The paper almost monopolized his time, but not quite. He played golf during the week and on Saturday afternoons shouted for the football team. “I was one of three cheer leaders in the Brown game, and felt like a d——f——, waving my arms and legs before several thousand amused spectators,” he told his mother, with poorly disguised delight. “It is a dirty job; one gets chiefly ridicule. But some poor devil has to suffer, and one can’t refuse.” He attended the Bachelors’ Ball in Boston—“which was very exclusive, very animated, and rather tipsy,” he remarked. “I got back at 6.” He went to the wedding of a fraternity brother and took upon himself the task of introducing his classmates to the mother of the bride. “Mrs. Kay was much impressed by his
savoir faire,
” the grateful groom recalled. “His charm and ease of manner were apparent in those early days.”

 

 

E
LEANOR
R
OOSEVELT WAS
a Roosevelt before she married Franklin Roosevelt. Her father was Elliott Roosevelt, Theodore’s brother. Alice Roosevelt was a cousin. Her mother was Anna Hall Roosevelt—“one of the most beautiful women I have ever seen,” Eleanor wrote, many years after her mother died. Coming from another child of another mother, such a comment might have required discount for the bias of the excessively close. In Eleanor’s case, any discount must have been in the opposite direction, for she was not close to her mother and never identified with her in any way. Her mother was beautiful; she herself was not—certainly not by her own reckoning. And her mother inhabited a world that never warmed to Eleanor, nor Eleanor to it. “My mother belonged to that New York City society which thought itself all-important,” Eleanor said. “In that society you were kind to the poor; you did not neglect your philanthropic duties in whatever community you lived; you assisted the hospitals and did something for the needy. You accepted invitations to dine and to dance with the right people only; you lived where you would be in their midst. You thought seriously about your children’s education; you read the books that everybody read; you were familiar with good literature. In short, you conformed to the conventional pattern.”

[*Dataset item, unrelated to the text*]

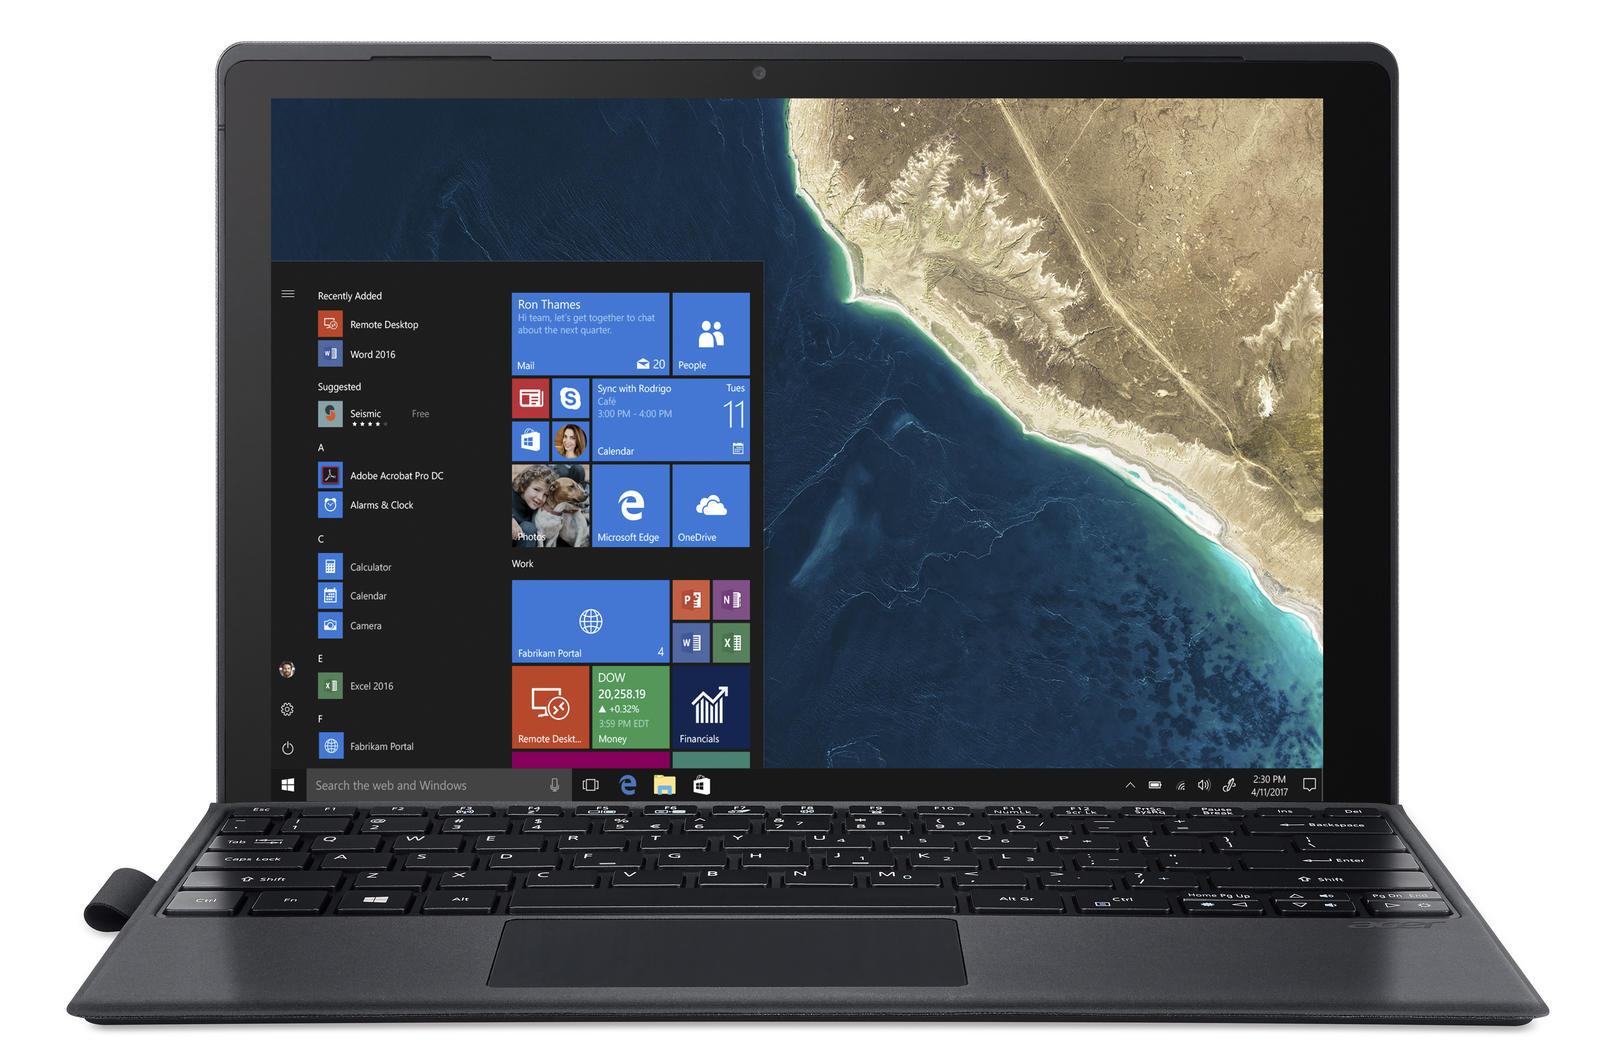 Tab B4B Switch 5 Pro SW512-52P-79QG 12 QHD - Convertible - Core i7 Mobile - N... Portatīvais dators

Eleanor’s father inhabited Anna’s society but was not really of it, which may have been why Eleanor identified much more strongly with him. Or it may have been the flaws in Elliott Roosevelt’s character. Elliott was the more attractive and engaging of the two Roosevelt boys, with blond hair, handsome features, and a winning personality. But there was a crack in his character, and in the repeated poundings of sibling competition with the older and more ambitious Theodore, it opened wider and wider. Their parents sent Elliott off to Texas in his teens to recuperate from a nervous breakdown; when the boys’ father died soon after, Elliott employed his inheritance to fund a round-the-world tour. He hunted tigers in India and other beasts elsewhere, finally gaining an edge on his brother, who had yet to bag anything larger than a bear. He brought home heads, hides, and an exotic reputation, which helped sweep Anna Hall, in full bloom at nineteen, off her feet and to the altar. He loved her madly but badly, being already addicted to alcohol and becoming addicted to the opiates he ingested for pain following a riding accident that shattered his leg. He squandered what remained of his fortune and got a servant girl pregnant; she threatened a public scandal and had to be bought off by Theodore and the family.